▶ Instructions for the task
Nothing may be left out of the listing below but its images; repeat the rest exactly.

+++ Information shown +++

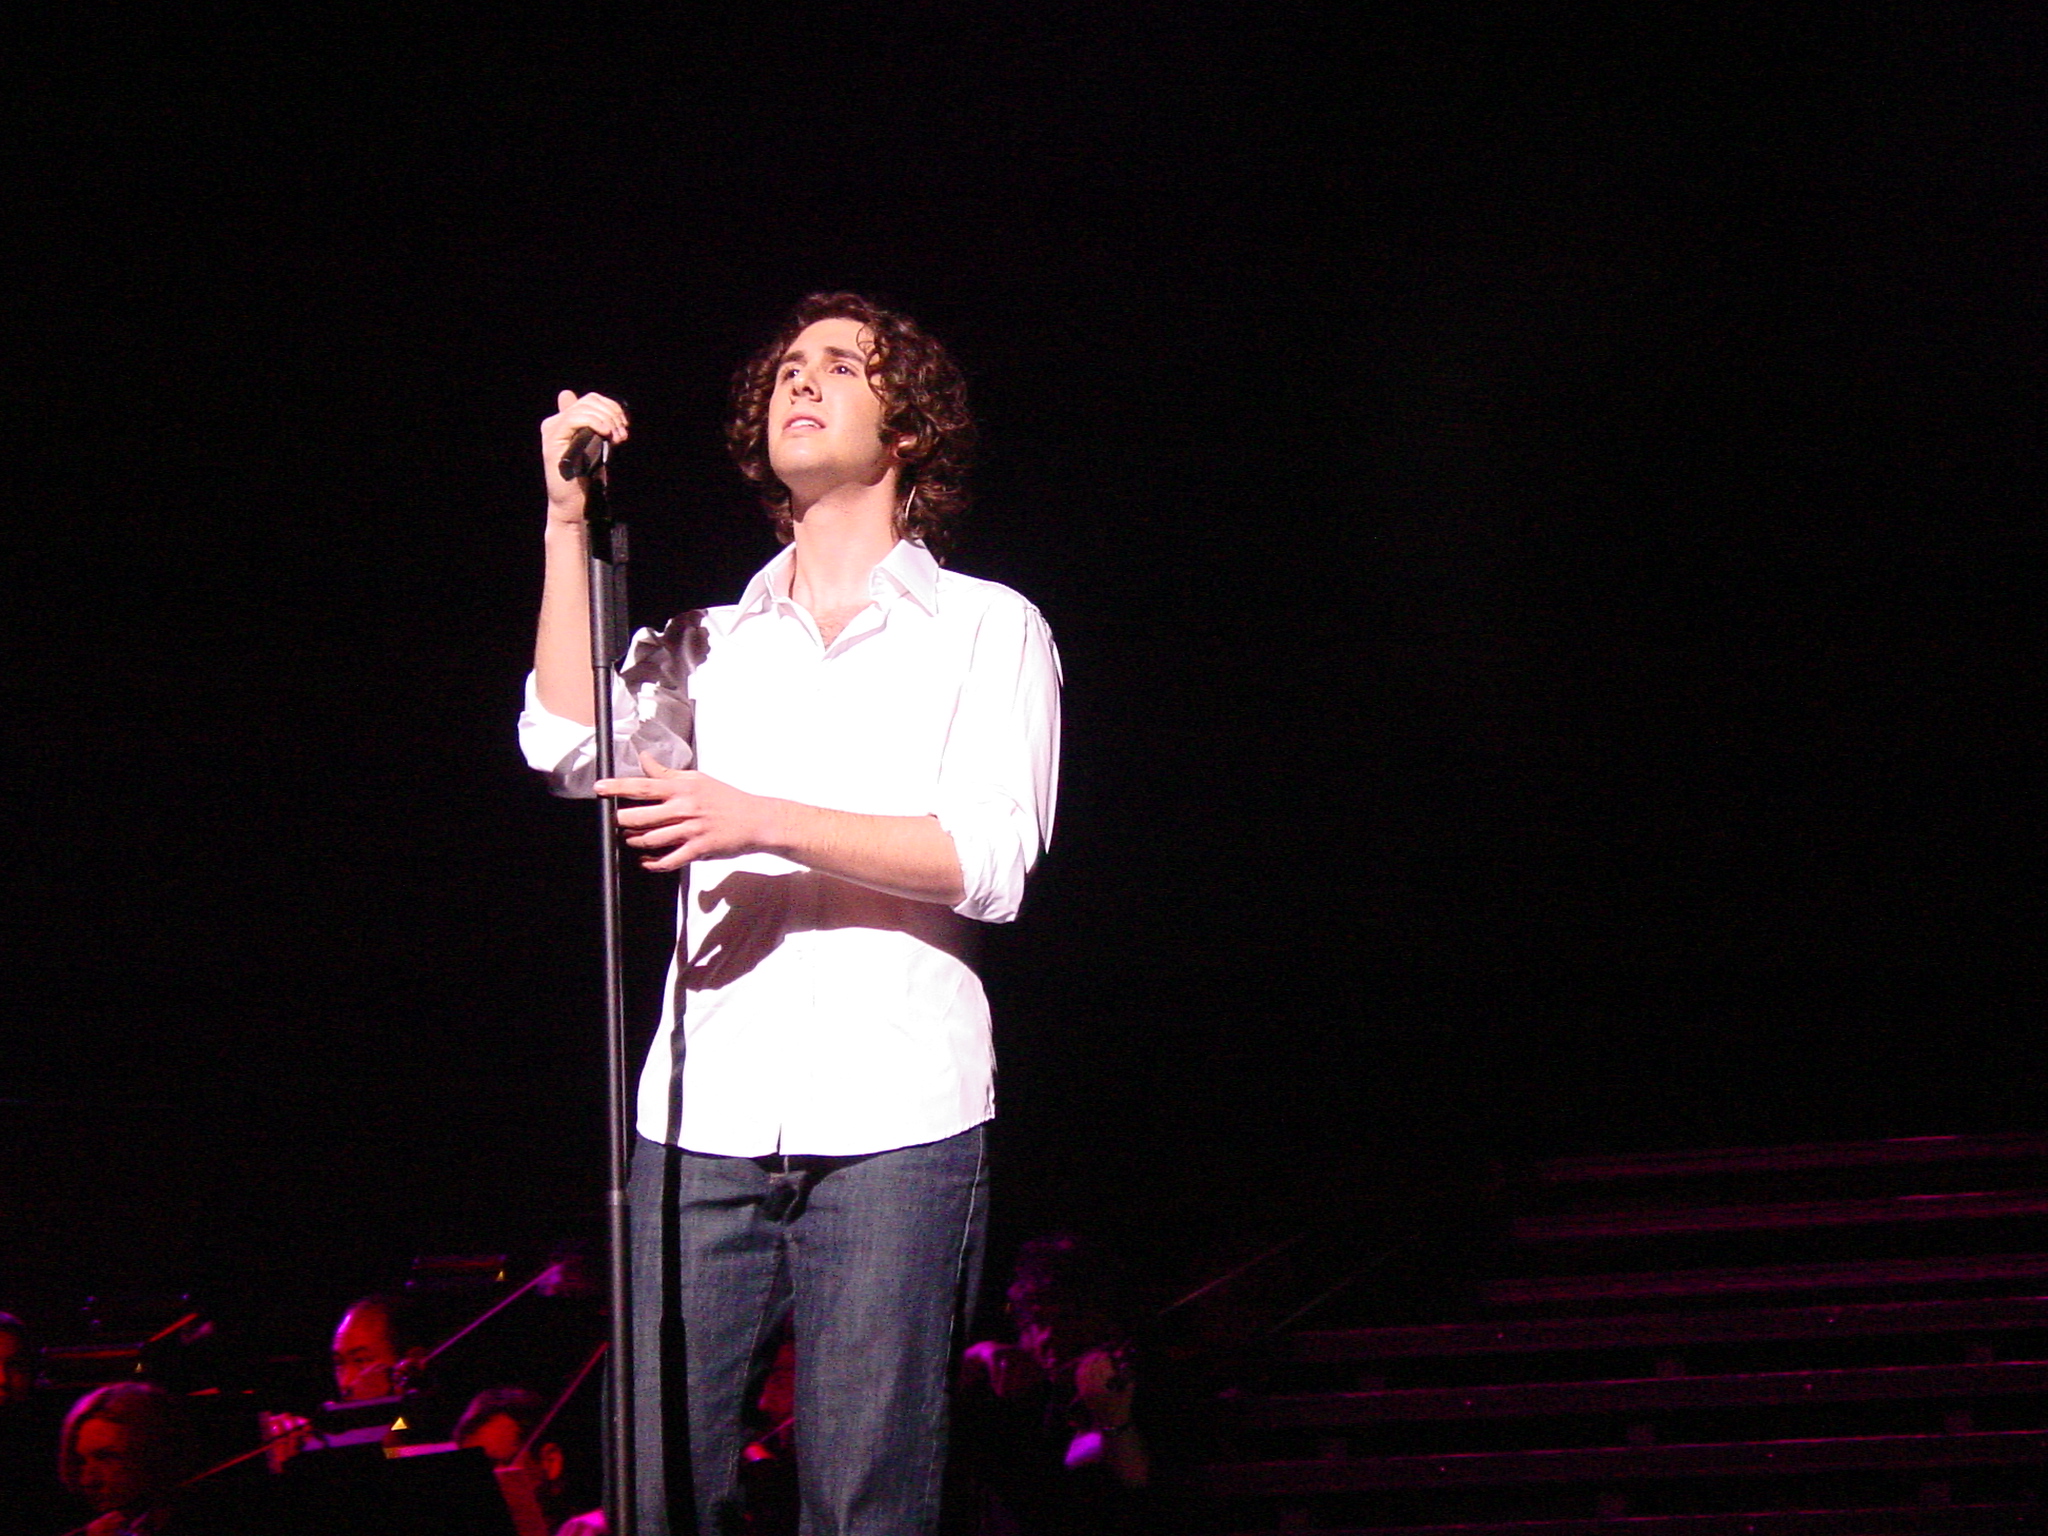 Josh in 2004 
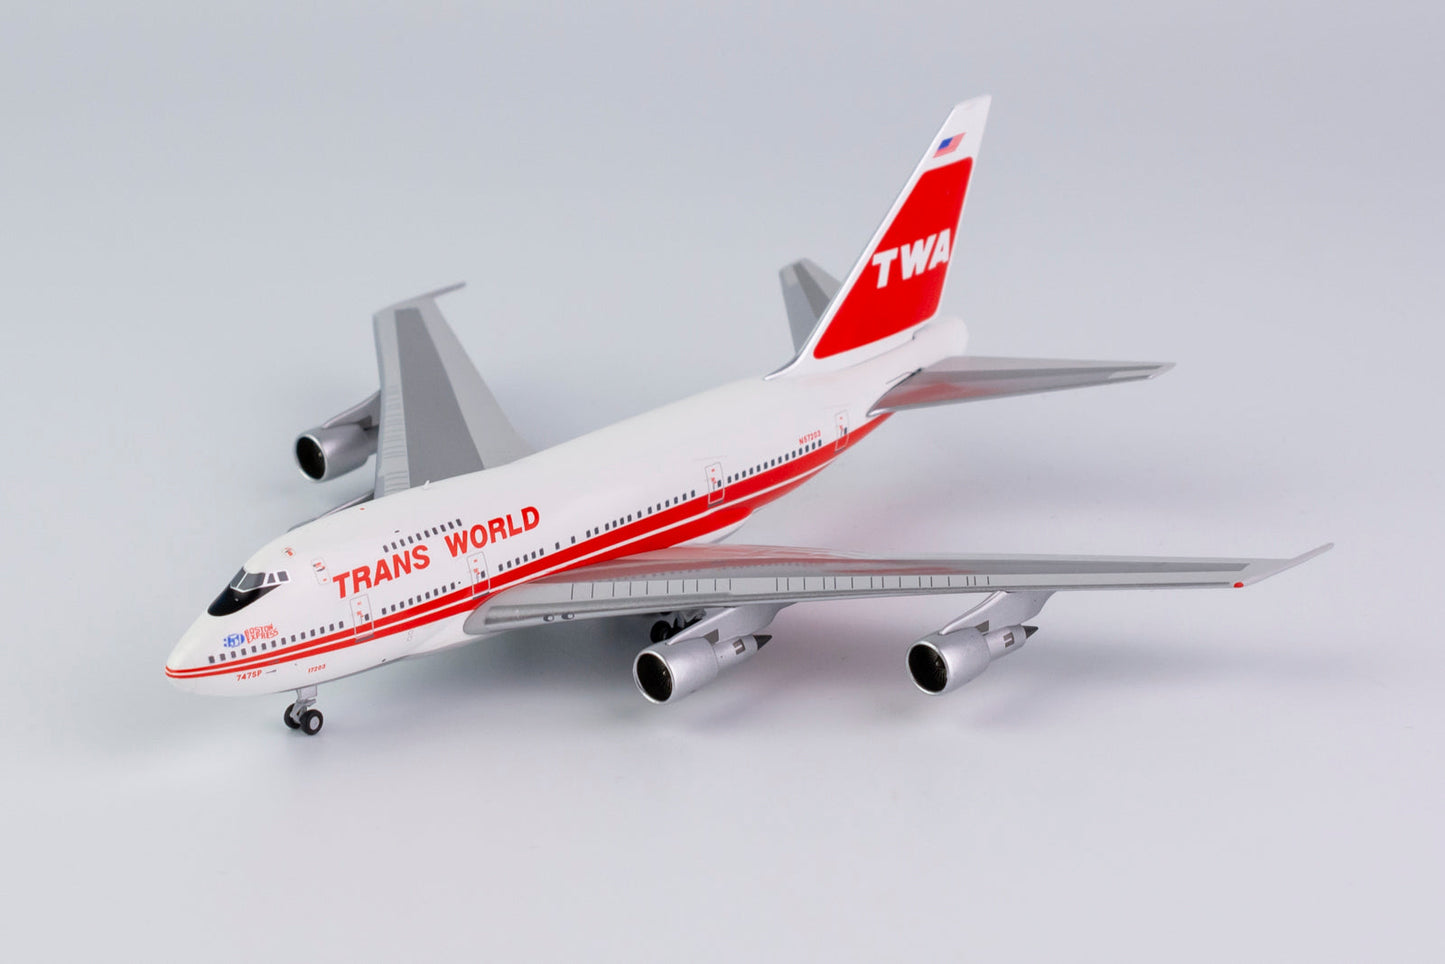 1/400 Trans World Airlines (TWA) B 747SP "Boston Express" NG Models 07020s/d1 *Defective model*
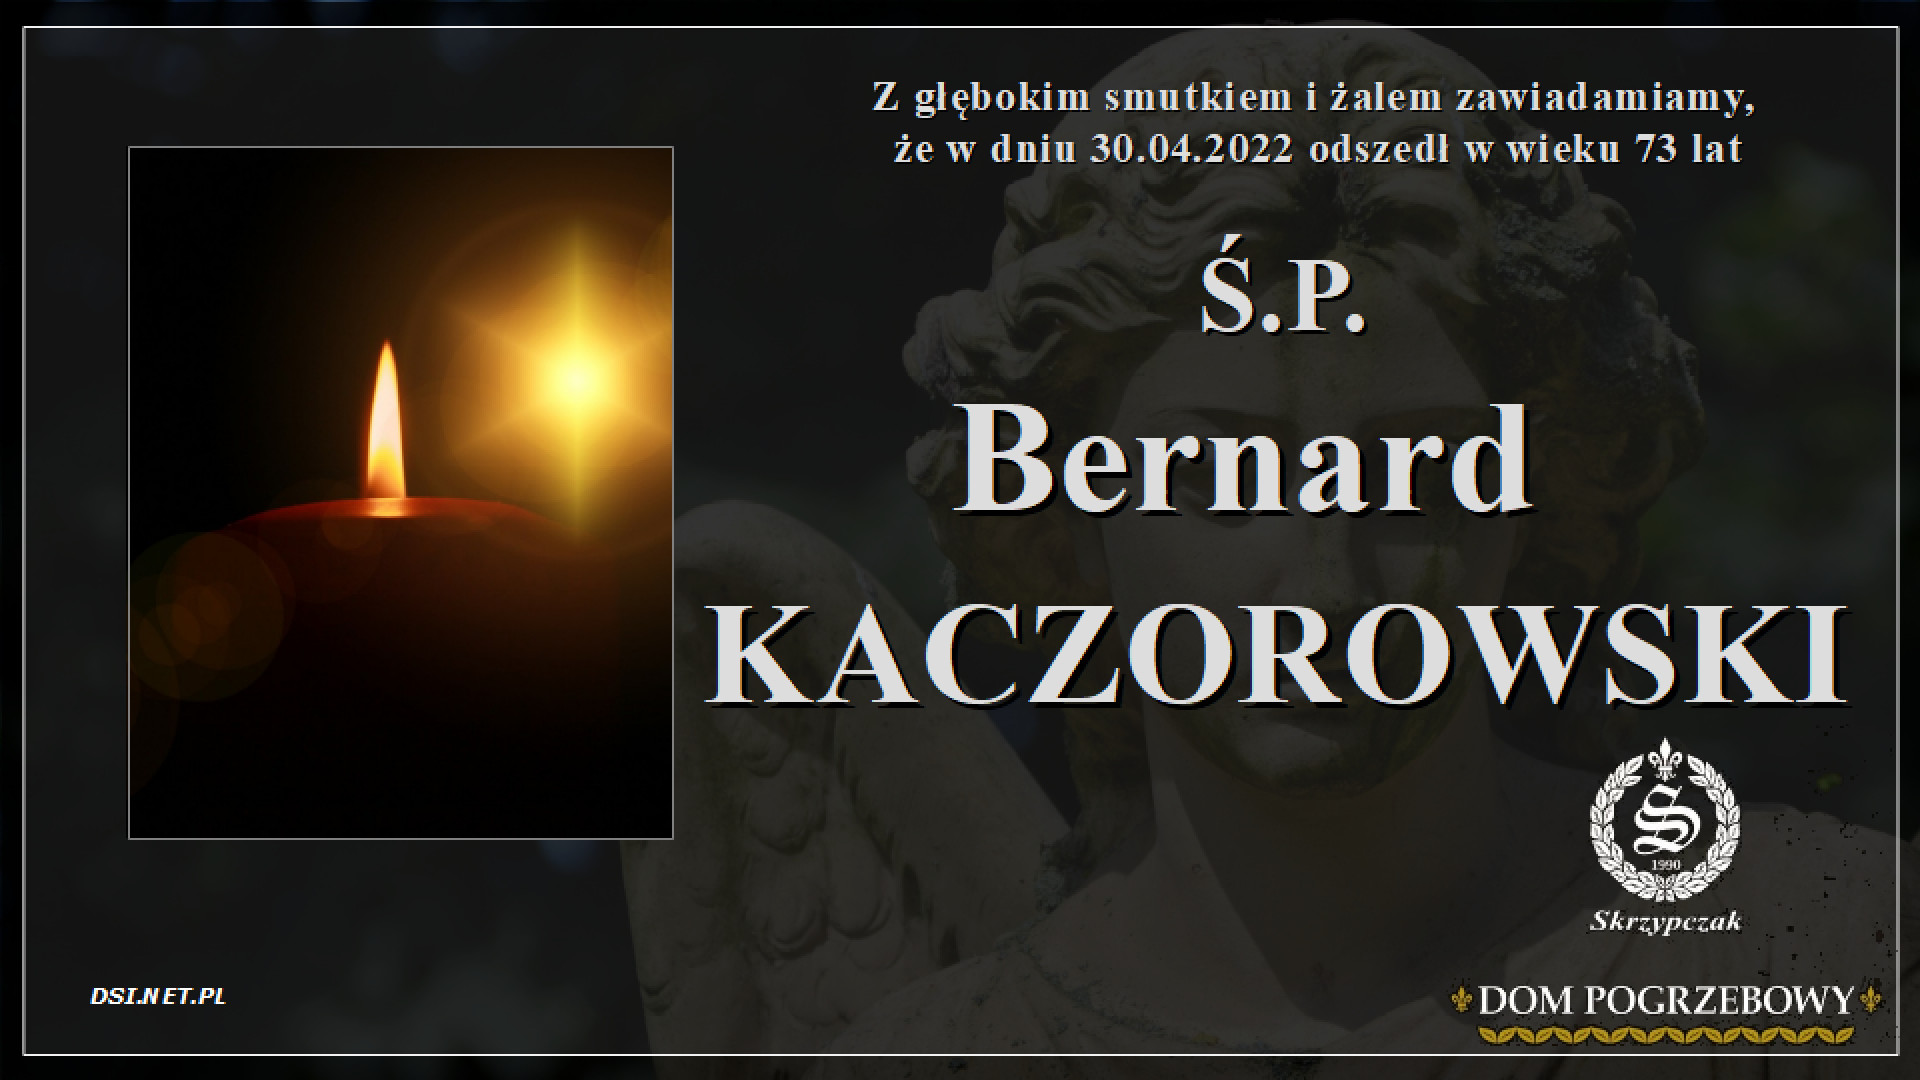 Ś.P. Bernard Kaczorowski
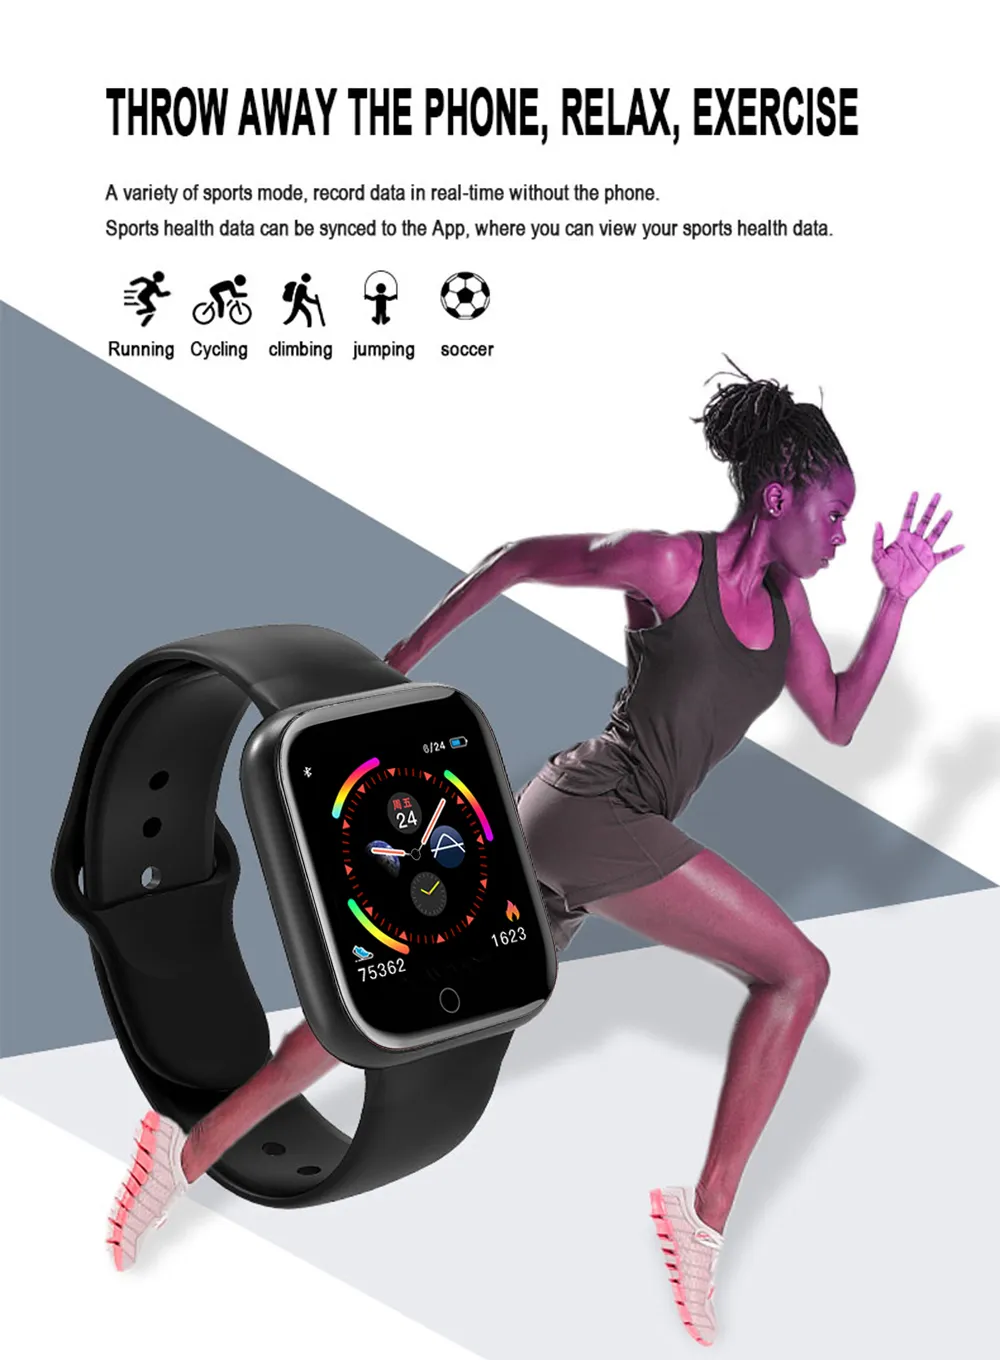 I5 Nouveau étanche intelligente Smart Watch Femmes Bluetooth Smartwatch pour Apple iPhone Xiaomi Heart Monitor Tracker Fitness Tracker PK P70 P68G8086766

+++

▶ Solution to the problem
 Josh in 2004 
 1/400 Trans World Airlines (TWA) B 747SP "Boston Express" NG Models 07020s/d1 *Defective model*
 Ś.P. Bernard Kaczorowski
 I5 Nouveau étanche intelligente Smart Watch Femmes Bluetooth Smartwatch pour Apple iPhone Xiaomi Heart Monitor Tracker Fitness Tracker PK P70 P68G8086766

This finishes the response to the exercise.